Instructions for the task: Below are the entries. Transcribe exactly the lines from the one with "A summary dissolution" through the one with "A man in Tehran", ends included, and leave out all others.

Dataset excerpts:
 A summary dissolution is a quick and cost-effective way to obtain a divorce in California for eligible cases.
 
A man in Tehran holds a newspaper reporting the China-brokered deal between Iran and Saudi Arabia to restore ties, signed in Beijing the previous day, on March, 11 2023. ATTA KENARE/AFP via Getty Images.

--

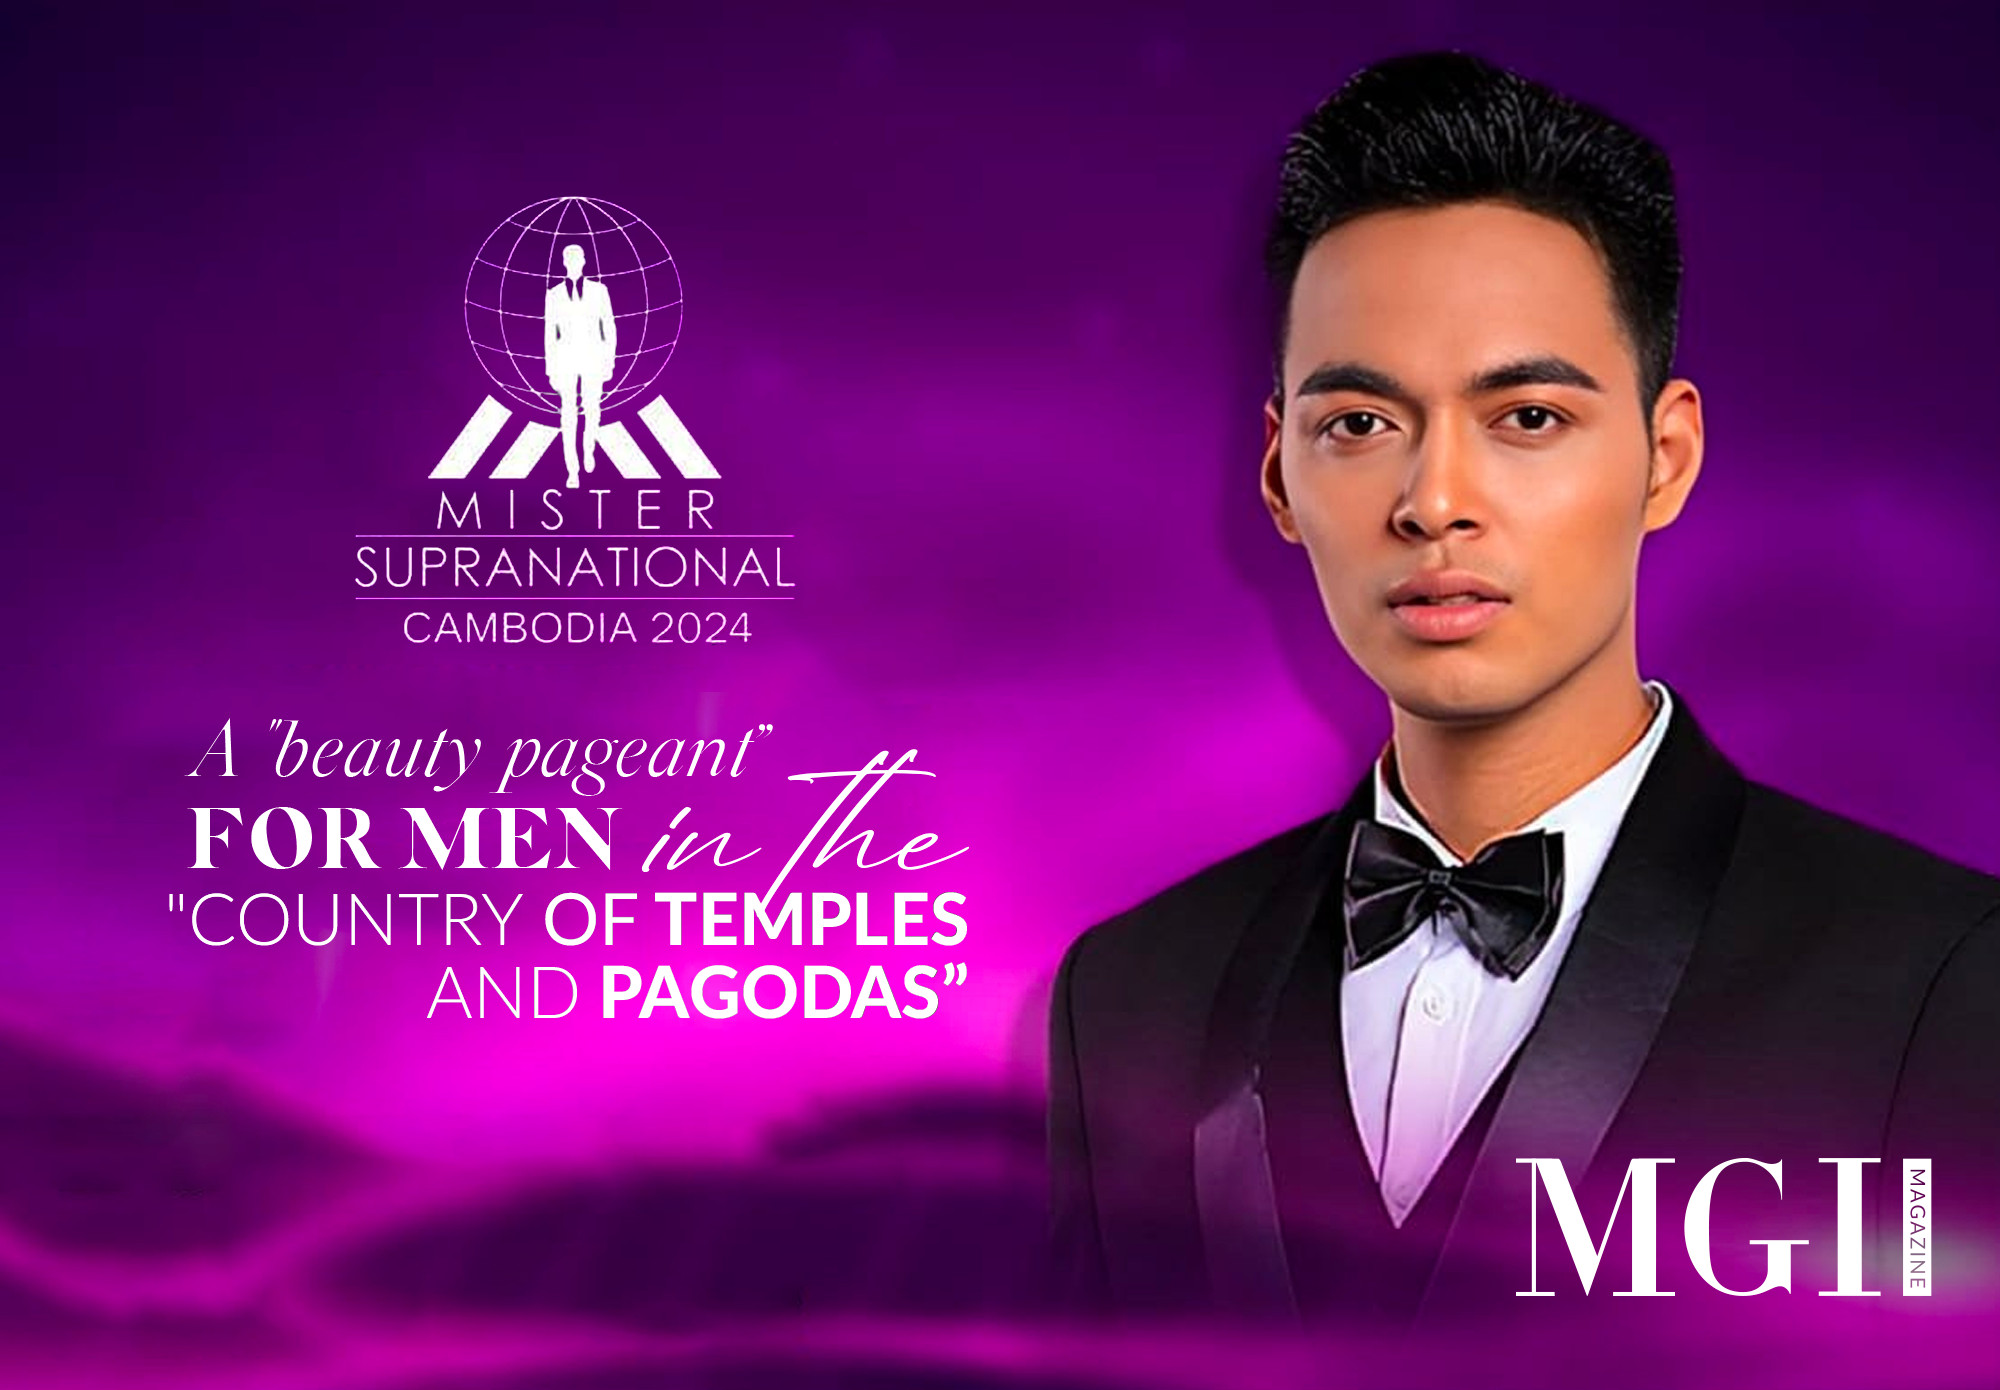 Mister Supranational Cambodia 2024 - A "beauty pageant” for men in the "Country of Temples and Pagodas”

Output of the exercise:
 A summary dissolution is a quick and cost-effective way to obtain a divorce in California for eligible cases.
 
A man in Tehran holds a newspaper reporting the China-brokered deal between Iran and Saudi Arabia to restore ties, signed in Beijing the previous day, on March, 11 2023. ATTA KENARE/AFP via Getty Images.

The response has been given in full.